Subsequent work in the Evans laboratory found that activation of PPAR-d in these mice also suppresses the inflammatory response associated with arthrosclerosis.

But the genetic metabolic engineering that created the marathon mouse is permanent, turned on before birth. While a dramatic proof of concept that metabolic engineering is a potentially viable approach, it offers no help to an adult whose muscles are already formed and who now would benefit greatly from having more active, fat-burning muscles.

That is why the potential of chemical metabolic engineering - possibly a one-a-day pill as opposed to permanent genetic metabolic engineering - is so exciting, says Dr. Evans. In today's society, too few people get an ideal amount of exercise, some because of medical problems or excess weight that makes exercise difficult. Having access to an "exercise pill" would improve the quality of muscles, since muscles like to be exercised, and increase the burning of energy or excess fat in the body. And that would result in less fatty tissue, lower amounts of fat circulating in the blood, lower blood glucose levels and less resistance to insulin, lowering the risks of heart disease and diabetes.

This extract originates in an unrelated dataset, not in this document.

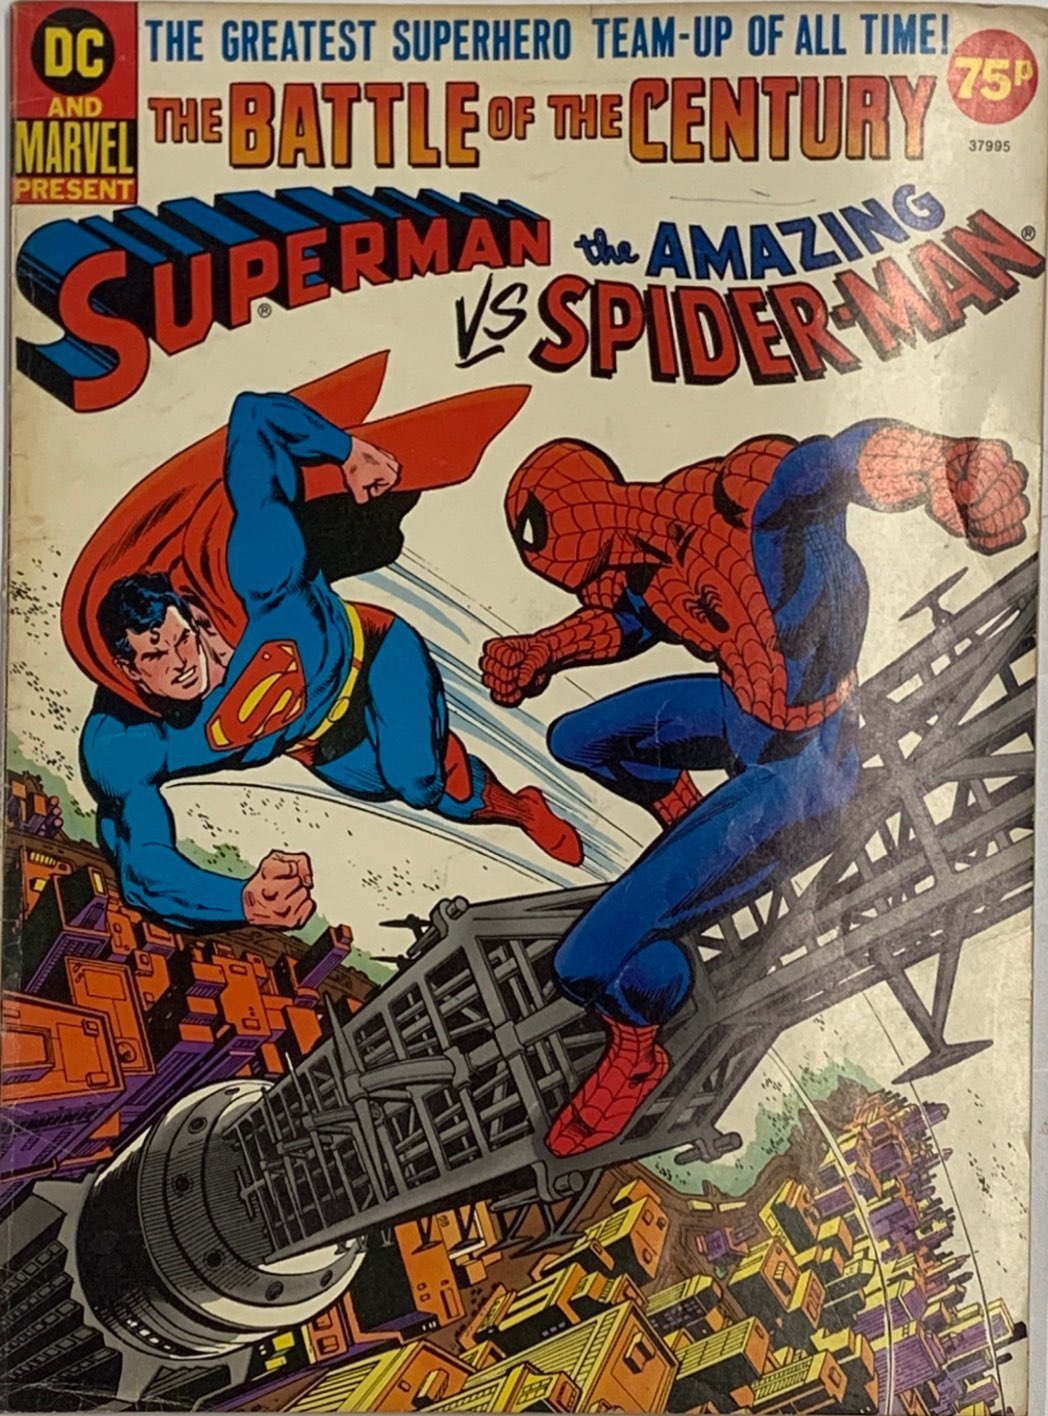 A copy of 'The Battle of the century' Superman vs Spiderman, DC and Marvel comics.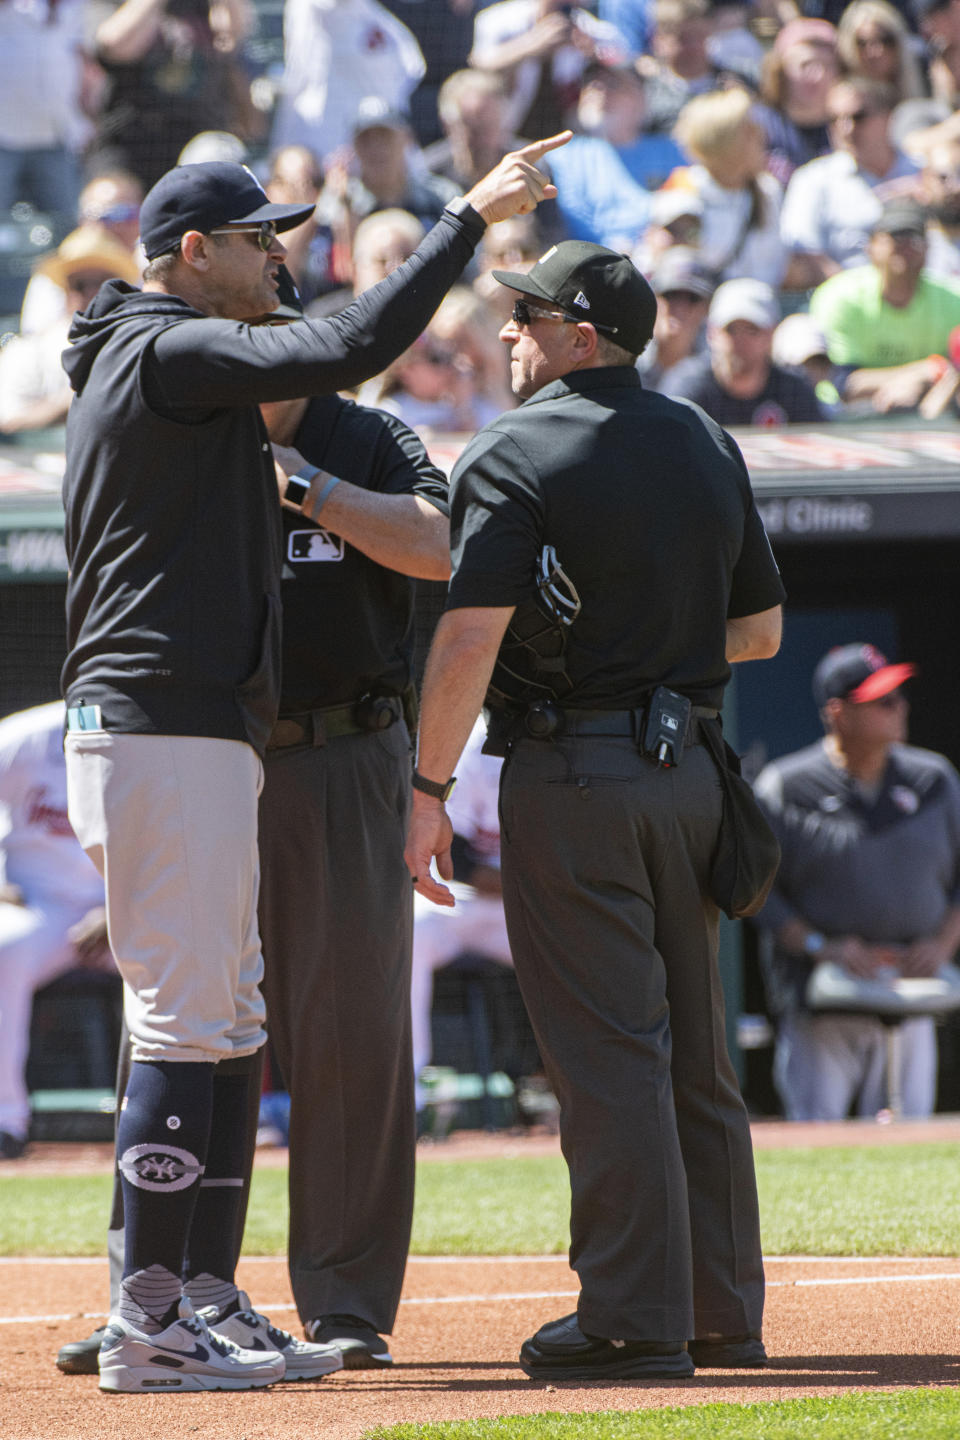 New York Yankees manager Aaron Boone argues a call with umpires during the first inning of a baseball game against the Cleveland Guardians in Cleveland, Wednesday April 12, 2023. Boone was ejected from the game. (AP Photo/Phil Long)

The ability to chemically engineer changes in metabolism also has given the researchers more insight into how the PPAR-d switch works, says Dr. Evans. Genetically engineering changes in metabolism in the marathon mice triggers both increased fat burning and increased endurance. Adult normal mice that receive the drug to switch on PPAR-d show increased fat burning and resistance to weight gain, but they do not show increased endurance. Dr. Evans says this suggests the delta switch can operate in different modes, and the laboratory is in the process of figuring out exactly how. He hopes his strategy will make it possible.